Every line of the data should be written out exactly, with the pictures left out.

* Exercise data:
========================================

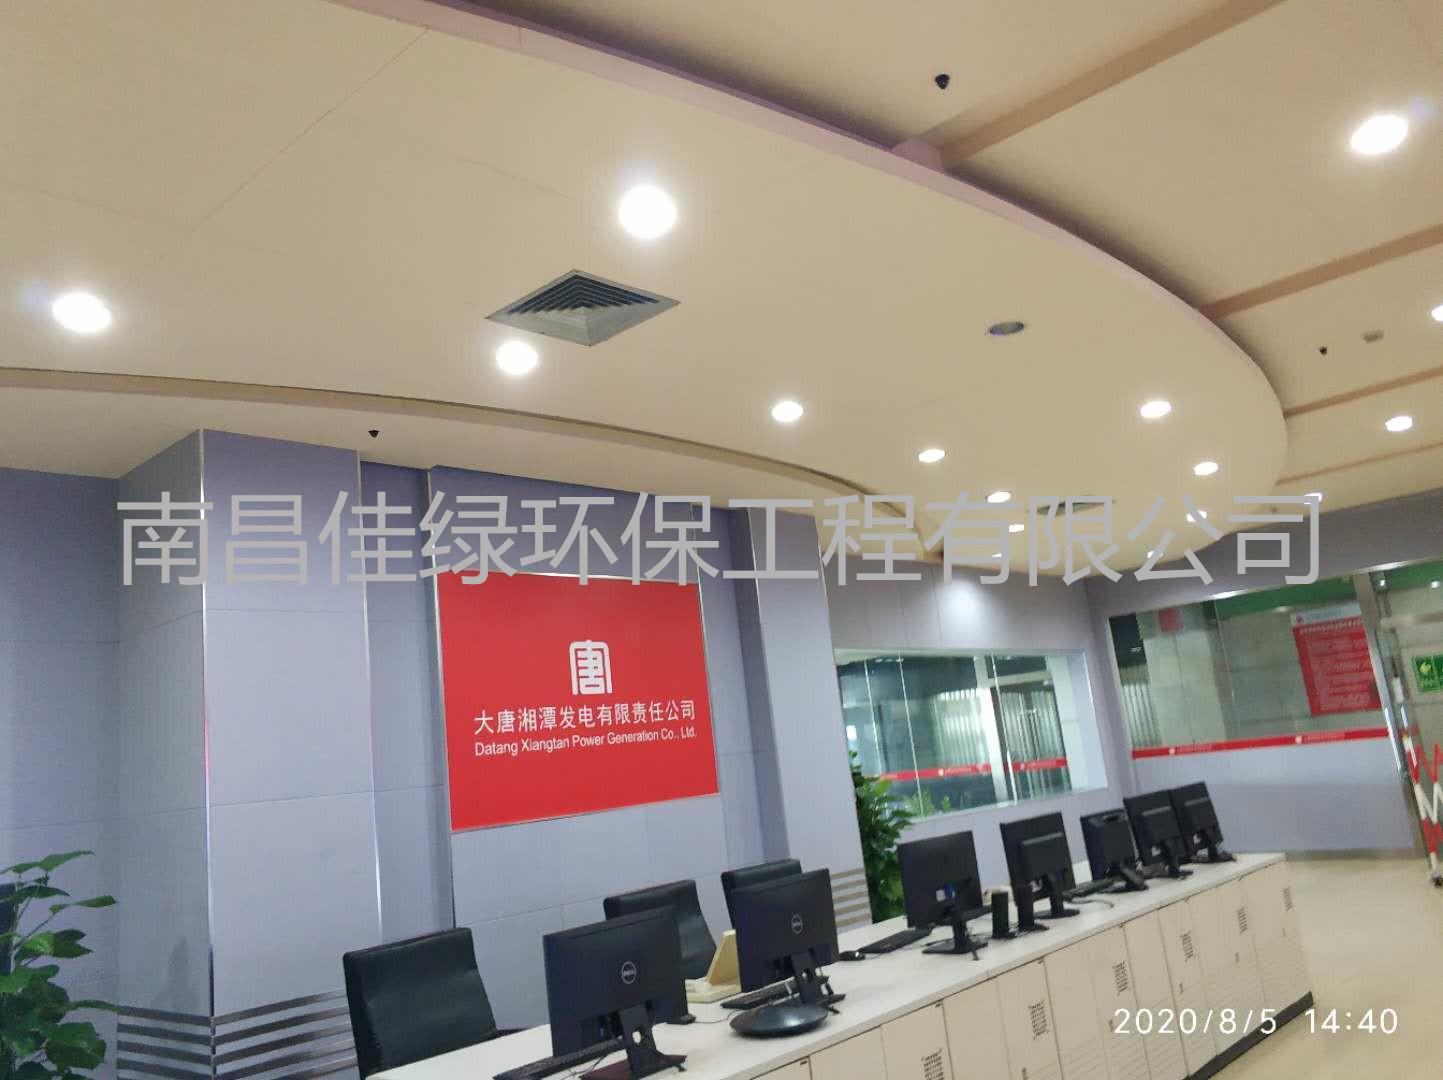 大唐湘潭發電有限責任公司二期集控室聲學裝修
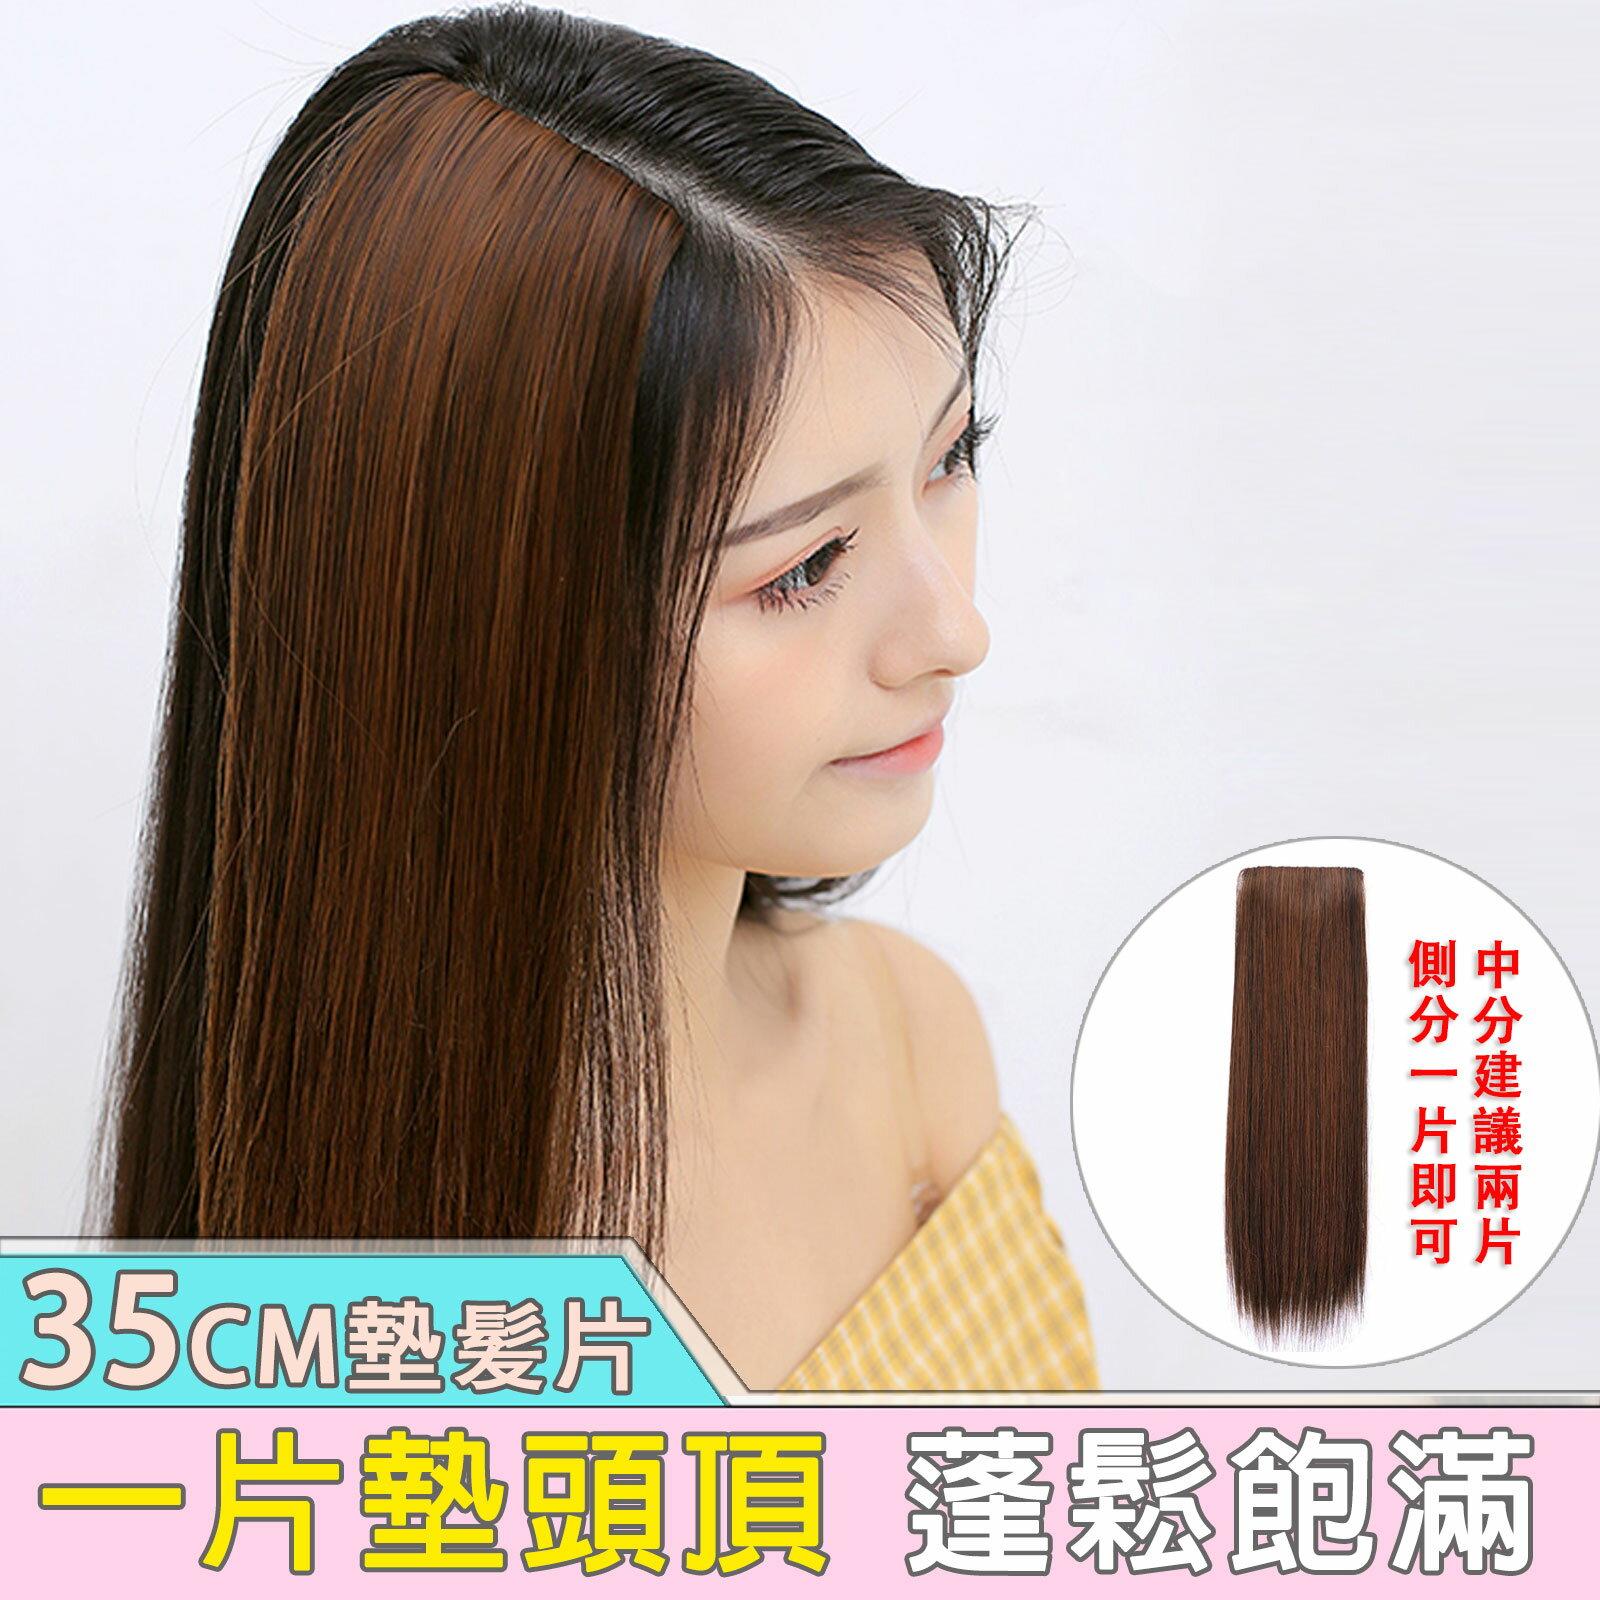 頭頂/兩側 墊髮片 假髮35CM 墊頭頂 增髮增量 接髮片【MF025】 ☆雙兒網☆
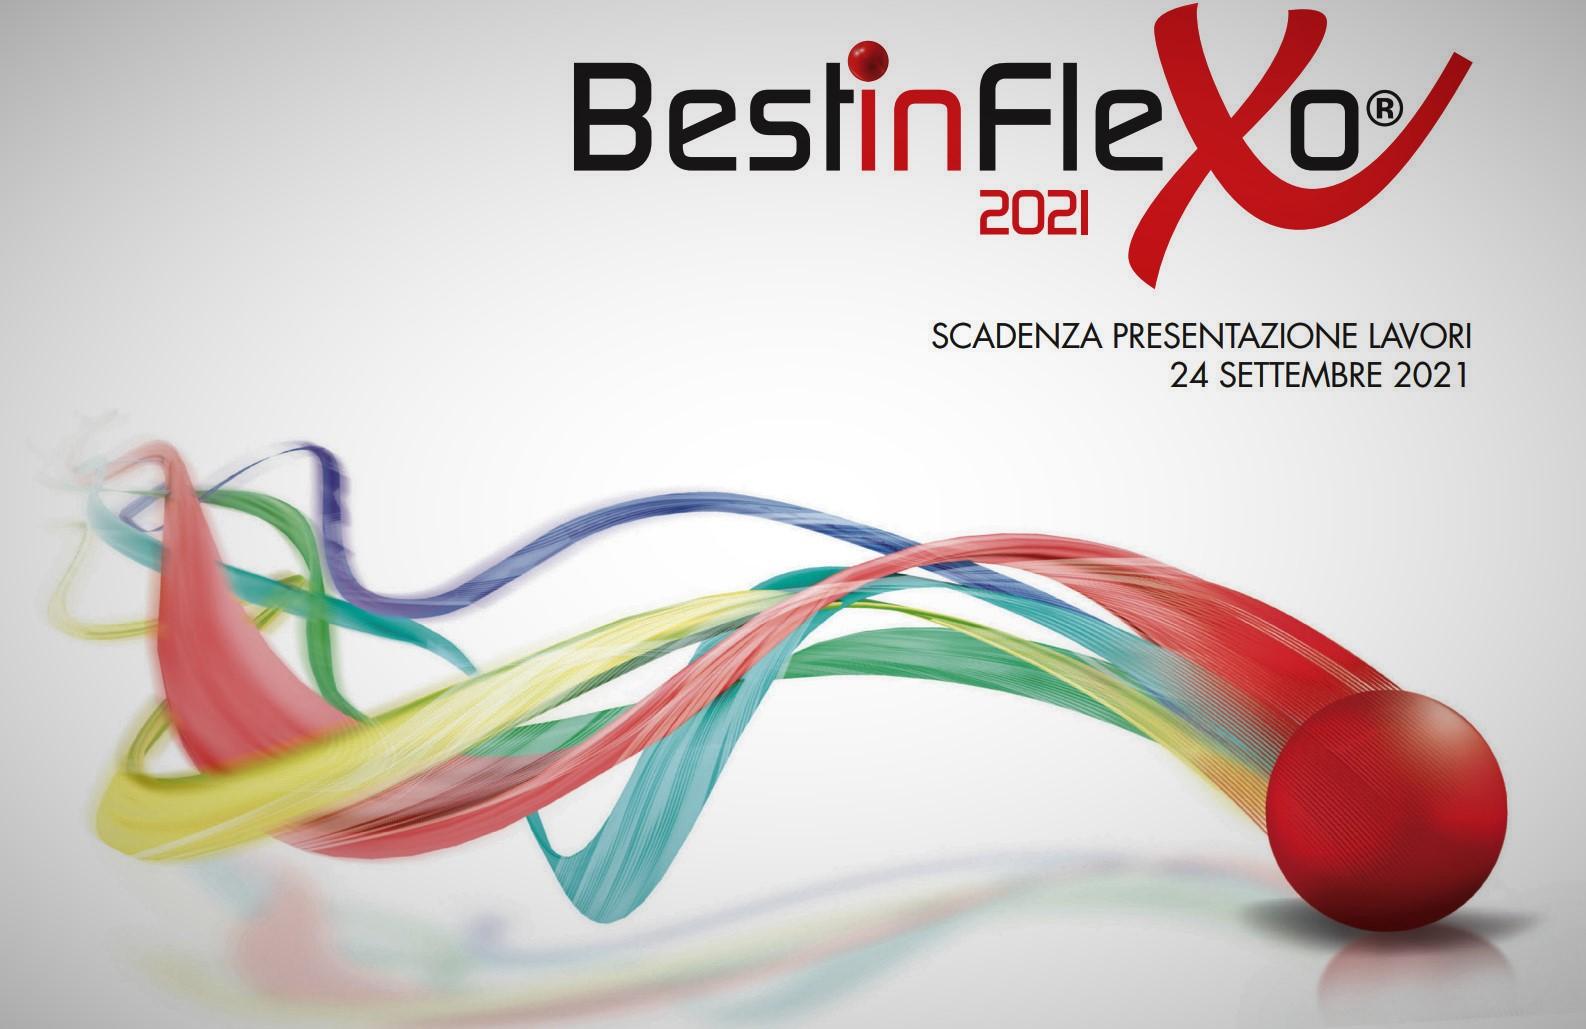 Bestinflexo 21
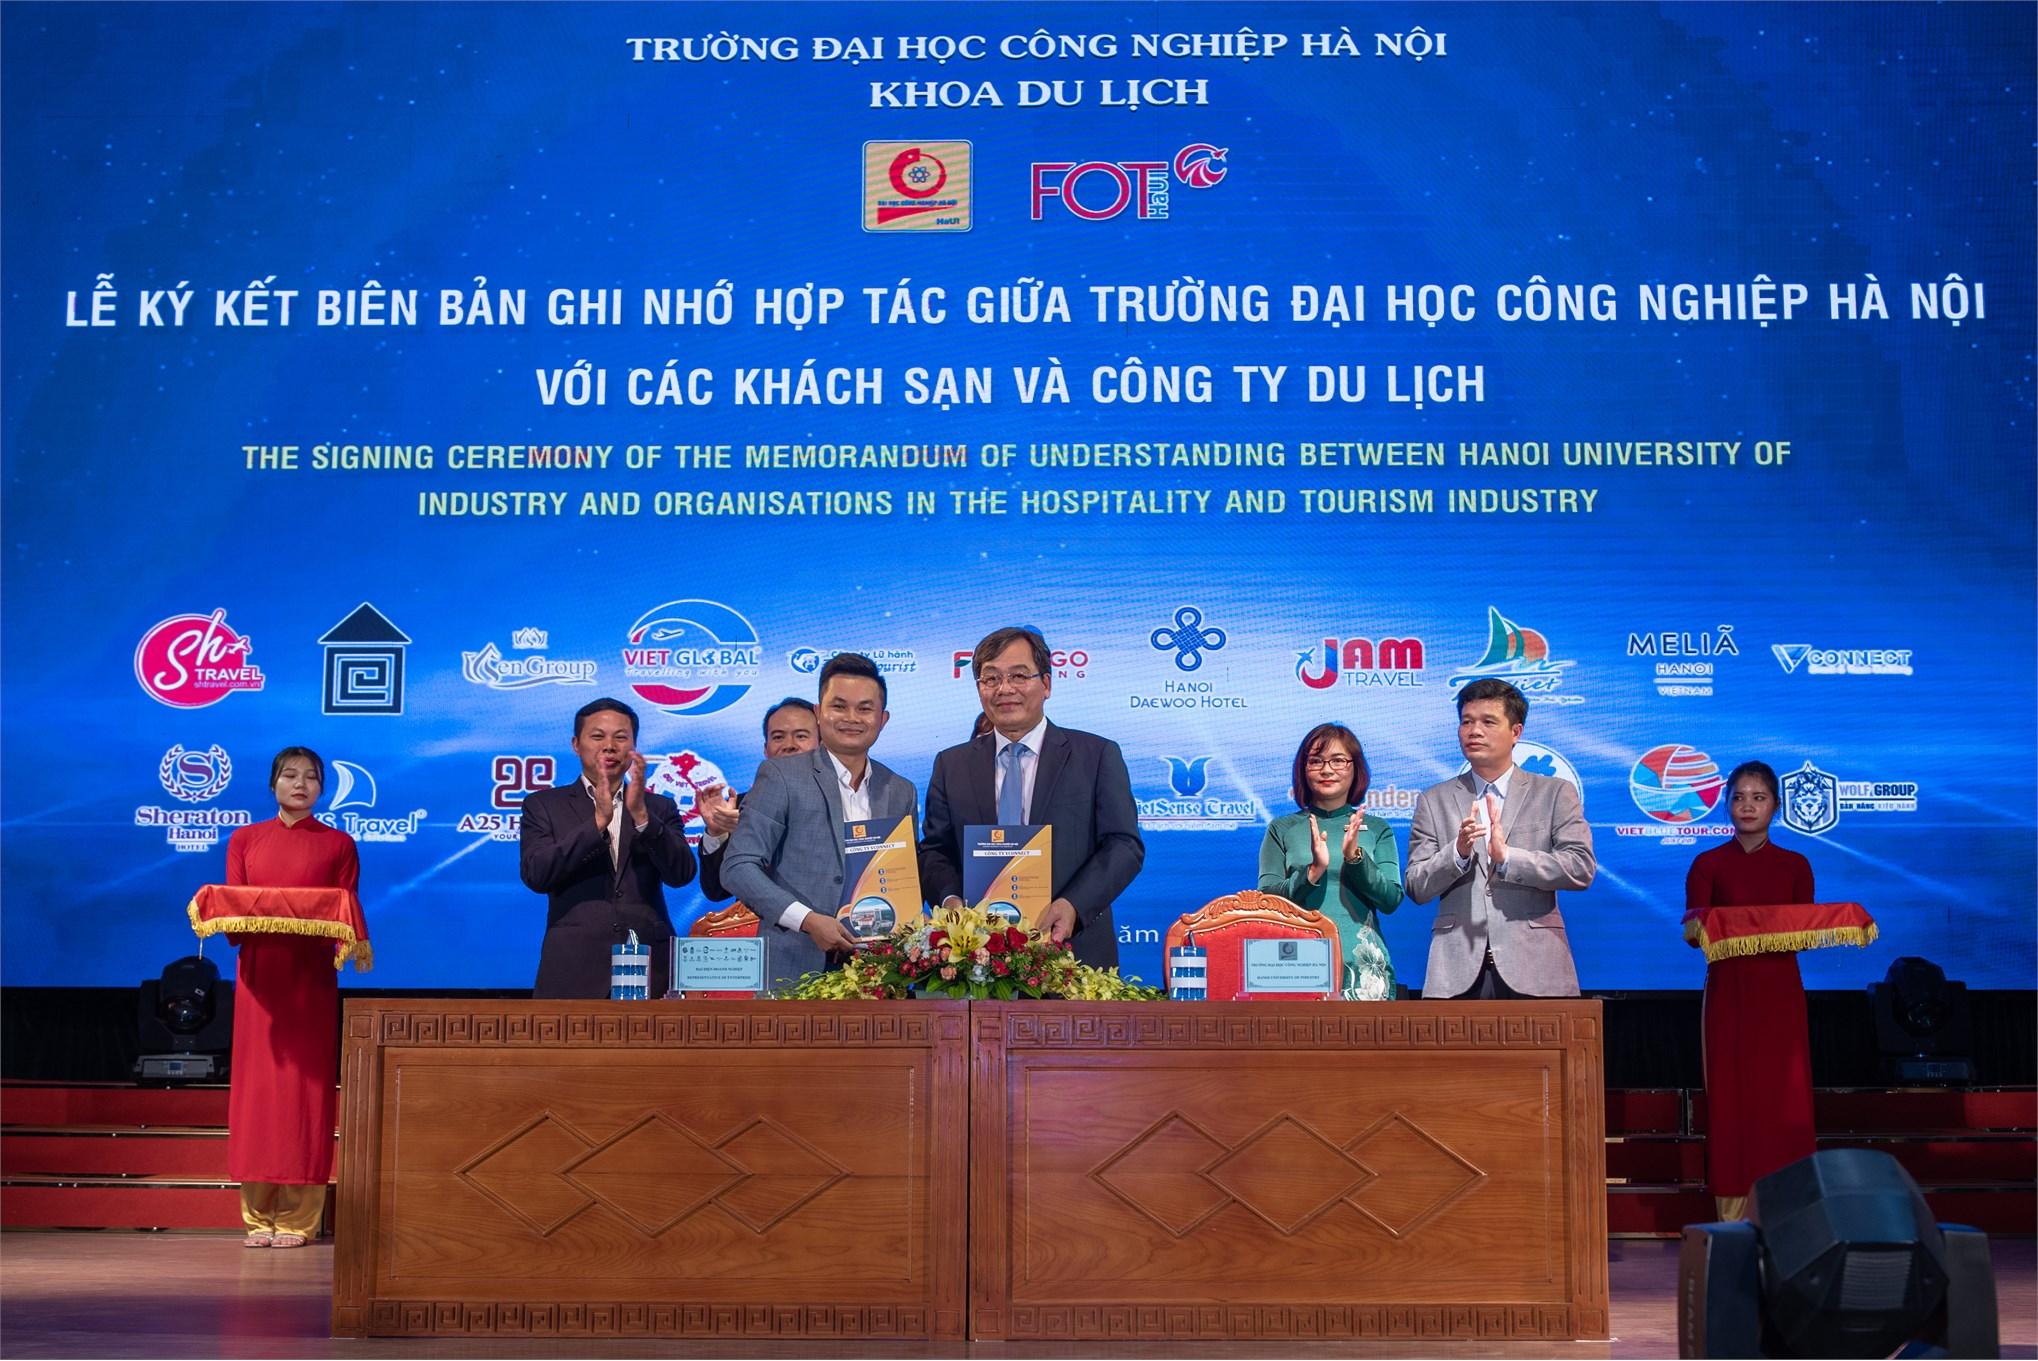 Lễ ký kết biên bản ghi nhớ hợp tác giữa trường Đại học Công nghiệp Hà Nội và các công ty du lịch

========================================

* Output of the task:
 大唐湘潭發電有限責任公司二期集控室聲學裝修
 頭頂/兩側 墊髮片 假髮35CM 墊頭頂 增髮增量 接髮片【MF025】 ☆雙兒網☆
 Bestinflexo 21
 Lễ ký kết biên bản ghi nhớ hợp tác giữa trường Đại học Công nghiệp Hà Nội và các công ty du lịch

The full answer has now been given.